> **Requirement**
Find the word "Michael" in the records below. List each line containing it.

> **Extracted information**
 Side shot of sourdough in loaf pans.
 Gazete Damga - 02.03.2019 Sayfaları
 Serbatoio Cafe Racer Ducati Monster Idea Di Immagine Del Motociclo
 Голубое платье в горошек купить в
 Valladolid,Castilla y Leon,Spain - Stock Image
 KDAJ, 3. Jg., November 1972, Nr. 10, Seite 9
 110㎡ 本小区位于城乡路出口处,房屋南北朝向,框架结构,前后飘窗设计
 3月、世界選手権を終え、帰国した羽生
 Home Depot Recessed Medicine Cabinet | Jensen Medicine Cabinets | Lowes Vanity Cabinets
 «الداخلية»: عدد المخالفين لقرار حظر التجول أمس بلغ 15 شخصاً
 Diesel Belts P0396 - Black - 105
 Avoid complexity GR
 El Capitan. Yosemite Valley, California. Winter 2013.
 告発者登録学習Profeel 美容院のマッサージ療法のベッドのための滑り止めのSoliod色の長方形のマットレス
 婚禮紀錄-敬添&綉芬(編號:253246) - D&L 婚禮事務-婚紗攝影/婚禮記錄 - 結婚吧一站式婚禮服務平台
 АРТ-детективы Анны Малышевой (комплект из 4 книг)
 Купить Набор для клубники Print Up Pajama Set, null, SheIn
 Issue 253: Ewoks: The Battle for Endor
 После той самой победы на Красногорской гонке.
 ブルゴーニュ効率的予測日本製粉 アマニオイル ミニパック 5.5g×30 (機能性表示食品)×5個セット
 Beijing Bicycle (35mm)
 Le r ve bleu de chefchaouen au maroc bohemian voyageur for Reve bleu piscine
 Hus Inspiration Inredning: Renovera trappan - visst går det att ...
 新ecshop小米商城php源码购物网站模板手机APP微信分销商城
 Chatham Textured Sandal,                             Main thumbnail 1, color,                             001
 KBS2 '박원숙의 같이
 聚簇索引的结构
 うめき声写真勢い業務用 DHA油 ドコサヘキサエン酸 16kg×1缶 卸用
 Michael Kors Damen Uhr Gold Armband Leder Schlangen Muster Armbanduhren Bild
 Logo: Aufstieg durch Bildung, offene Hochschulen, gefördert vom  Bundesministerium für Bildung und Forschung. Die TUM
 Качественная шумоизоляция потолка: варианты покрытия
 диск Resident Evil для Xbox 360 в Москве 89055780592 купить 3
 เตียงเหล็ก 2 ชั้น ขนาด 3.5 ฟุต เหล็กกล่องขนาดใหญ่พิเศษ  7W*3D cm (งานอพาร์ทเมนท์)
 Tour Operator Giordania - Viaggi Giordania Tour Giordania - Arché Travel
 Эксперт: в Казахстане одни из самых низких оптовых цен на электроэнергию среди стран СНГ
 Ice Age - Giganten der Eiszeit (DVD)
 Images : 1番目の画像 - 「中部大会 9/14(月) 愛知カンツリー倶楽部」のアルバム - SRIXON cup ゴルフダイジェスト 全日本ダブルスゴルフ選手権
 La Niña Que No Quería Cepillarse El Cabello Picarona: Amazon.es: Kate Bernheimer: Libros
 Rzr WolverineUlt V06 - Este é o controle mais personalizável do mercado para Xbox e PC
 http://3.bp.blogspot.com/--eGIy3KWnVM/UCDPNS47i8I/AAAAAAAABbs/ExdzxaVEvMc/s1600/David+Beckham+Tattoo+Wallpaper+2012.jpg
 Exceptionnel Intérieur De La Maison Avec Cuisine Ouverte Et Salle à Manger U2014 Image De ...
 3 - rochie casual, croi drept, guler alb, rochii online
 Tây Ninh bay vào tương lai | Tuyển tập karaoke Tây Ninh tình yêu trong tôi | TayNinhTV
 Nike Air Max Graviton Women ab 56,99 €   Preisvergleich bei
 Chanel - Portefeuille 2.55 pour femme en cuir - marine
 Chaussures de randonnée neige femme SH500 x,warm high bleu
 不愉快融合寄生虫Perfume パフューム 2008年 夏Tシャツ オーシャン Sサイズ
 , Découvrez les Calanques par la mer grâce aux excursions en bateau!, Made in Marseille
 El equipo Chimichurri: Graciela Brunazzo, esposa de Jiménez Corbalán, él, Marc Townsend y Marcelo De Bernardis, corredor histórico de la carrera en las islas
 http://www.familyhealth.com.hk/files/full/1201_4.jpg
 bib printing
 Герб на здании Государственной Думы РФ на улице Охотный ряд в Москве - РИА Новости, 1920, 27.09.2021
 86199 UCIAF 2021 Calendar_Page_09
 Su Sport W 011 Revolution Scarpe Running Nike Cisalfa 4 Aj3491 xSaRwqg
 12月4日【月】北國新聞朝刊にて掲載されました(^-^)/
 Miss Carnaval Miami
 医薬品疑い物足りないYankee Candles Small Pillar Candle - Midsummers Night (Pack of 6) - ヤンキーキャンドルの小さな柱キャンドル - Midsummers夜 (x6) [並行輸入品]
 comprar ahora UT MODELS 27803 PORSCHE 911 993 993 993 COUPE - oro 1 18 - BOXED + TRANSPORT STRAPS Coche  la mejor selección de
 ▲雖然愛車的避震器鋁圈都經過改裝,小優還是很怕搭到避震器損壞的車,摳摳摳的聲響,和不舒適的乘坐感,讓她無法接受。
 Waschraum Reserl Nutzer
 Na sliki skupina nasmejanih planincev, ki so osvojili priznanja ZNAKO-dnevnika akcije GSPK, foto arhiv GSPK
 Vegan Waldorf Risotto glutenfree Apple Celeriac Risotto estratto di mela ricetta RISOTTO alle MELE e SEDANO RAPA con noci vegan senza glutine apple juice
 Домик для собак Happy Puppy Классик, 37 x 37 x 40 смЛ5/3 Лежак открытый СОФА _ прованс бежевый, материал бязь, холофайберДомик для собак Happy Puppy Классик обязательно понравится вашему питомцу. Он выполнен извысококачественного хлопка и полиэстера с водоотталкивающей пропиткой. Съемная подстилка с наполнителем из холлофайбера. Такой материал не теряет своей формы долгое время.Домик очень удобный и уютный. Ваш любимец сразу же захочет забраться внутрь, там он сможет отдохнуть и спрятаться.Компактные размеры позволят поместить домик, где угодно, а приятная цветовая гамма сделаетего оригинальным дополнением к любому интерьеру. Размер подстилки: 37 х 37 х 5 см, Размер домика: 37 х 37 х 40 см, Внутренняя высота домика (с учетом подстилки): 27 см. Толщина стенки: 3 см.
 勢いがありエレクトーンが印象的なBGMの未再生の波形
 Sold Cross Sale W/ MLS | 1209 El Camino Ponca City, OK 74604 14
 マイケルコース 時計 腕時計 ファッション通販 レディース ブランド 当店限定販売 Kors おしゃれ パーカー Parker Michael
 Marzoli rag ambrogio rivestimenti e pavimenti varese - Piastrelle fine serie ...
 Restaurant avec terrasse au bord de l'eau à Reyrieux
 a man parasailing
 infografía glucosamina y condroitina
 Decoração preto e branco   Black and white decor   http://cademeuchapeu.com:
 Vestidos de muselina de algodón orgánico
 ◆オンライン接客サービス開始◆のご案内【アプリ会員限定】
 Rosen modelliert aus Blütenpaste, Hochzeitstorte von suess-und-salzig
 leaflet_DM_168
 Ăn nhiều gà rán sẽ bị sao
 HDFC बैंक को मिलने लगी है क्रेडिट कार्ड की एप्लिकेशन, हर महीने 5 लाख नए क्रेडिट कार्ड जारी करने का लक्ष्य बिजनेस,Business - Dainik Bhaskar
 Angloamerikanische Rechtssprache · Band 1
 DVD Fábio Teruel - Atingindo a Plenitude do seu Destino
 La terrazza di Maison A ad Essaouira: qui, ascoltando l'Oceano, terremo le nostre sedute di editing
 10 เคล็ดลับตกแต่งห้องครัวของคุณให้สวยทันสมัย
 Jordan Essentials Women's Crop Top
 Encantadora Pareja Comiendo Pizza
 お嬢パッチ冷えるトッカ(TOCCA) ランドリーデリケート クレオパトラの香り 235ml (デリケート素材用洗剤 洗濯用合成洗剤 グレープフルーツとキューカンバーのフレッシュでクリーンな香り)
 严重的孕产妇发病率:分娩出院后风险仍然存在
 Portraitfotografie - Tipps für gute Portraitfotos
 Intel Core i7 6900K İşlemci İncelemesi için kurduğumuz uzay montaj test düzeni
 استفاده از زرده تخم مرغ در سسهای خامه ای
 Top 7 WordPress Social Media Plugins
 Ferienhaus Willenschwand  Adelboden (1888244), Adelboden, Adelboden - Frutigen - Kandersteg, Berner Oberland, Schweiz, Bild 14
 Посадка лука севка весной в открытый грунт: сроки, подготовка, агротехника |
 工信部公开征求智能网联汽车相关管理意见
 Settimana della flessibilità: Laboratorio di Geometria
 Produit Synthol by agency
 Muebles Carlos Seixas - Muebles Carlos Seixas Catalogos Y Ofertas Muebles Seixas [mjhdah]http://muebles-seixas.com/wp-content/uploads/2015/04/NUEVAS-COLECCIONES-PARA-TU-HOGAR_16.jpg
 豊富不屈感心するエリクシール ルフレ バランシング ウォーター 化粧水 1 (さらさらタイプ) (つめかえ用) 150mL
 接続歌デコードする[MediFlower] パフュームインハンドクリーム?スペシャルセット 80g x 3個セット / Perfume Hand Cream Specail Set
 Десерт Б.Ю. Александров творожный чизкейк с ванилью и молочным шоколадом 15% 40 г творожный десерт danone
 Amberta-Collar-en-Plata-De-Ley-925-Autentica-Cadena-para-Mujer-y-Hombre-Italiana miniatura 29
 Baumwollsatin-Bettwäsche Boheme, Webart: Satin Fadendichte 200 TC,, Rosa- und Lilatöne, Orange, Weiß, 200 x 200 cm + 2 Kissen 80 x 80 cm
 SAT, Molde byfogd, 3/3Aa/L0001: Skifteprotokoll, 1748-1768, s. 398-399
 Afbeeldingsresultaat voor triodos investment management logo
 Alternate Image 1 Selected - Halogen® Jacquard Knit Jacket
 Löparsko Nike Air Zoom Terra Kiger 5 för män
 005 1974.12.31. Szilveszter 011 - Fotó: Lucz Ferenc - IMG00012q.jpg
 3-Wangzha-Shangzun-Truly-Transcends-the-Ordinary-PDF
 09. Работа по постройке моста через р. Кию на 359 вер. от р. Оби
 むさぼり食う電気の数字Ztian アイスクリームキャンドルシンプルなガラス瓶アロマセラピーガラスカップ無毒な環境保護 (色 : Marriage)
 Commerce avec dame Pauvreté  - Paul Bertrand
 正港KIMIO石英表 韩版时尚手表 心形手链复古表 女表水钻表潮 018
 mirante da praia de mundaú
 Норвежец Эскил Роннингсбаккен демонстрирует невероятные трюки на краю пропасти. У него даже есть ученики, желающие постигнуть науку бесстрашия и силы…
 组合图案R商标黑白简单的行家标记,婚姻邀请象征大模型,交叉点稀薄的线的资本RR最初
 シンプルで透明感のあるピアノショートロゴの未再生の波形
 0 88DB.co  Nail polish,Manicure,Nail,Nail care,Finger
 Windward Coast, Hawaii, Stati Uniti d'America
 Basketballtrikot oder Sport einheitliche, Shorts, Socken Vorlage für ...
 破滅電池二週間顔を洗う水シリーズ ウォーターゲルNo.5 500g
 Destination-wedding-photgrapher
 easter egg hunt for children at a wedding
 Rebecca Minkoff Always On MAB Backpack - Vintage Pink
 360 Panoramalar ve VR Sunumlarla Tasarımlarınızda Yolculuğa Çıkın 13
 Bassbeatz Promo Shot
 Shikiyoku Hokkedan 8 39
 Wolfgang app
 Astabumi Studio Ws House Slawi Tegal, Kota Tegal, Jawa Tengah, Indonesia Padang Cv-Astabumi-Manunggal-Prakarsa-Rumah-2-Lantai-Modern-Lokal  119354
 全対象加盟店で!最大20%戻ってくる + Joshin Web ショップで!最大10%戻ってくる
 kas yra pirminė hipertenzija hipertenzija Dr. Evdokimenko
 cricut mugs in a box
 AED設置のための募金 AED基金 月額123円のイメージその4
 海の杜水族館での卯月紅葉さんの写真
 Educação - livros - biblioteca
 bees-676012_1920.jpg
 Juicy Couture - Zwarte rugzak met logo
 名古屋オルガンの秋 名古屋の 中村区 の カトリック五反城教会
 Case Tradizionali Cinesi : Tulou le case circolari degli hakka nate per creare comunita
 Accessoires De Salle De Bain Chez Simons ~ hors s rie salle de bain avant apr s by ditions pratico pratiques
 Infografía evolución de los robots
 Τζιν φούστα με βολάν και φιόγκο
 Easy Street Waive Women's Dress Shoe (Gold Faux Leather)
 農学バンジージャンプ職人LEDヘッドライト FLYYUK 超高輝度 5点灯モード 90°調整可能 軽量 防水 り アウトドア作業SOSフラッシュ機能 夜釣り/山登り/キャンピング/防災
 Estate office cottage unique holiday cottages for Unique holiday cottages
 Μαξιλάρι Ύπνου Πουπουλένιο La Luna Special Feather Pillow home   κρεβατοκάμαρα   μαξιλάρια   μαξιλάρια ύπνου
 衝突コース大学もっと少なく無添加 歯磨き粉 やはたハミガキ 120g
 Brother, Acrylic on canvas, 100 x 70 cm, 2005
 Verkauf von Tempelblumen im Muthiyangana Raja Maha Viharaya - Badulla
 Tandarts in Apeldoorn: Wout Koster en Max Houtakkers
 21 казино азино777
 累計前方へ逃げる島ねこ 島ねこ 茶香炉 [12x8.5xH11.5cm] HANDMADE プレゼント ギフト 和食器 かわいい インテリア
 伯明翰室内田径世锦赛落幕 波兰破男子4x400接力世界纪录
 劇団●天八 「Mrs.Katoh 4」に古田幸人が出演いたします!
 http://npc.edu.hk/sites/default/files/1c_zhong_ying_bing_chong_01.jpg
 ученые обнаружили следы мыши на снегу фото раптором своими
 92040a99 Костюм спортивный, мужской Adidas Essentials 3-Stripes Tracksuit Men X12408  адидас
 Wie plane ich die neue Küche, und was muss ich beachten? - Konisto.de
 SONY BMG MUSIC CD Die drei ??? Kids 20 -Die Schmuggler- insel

> **Solution for this problem**
 Michael Kors Damen Uhr Gold Armband Leder Schlangen Muster Armbanduhren Bild
 マイケルコース 時計 腕時計 ファッション通販 レディース ブランド 当店限定販売 Kors おしゃれ パーカー Parker Michael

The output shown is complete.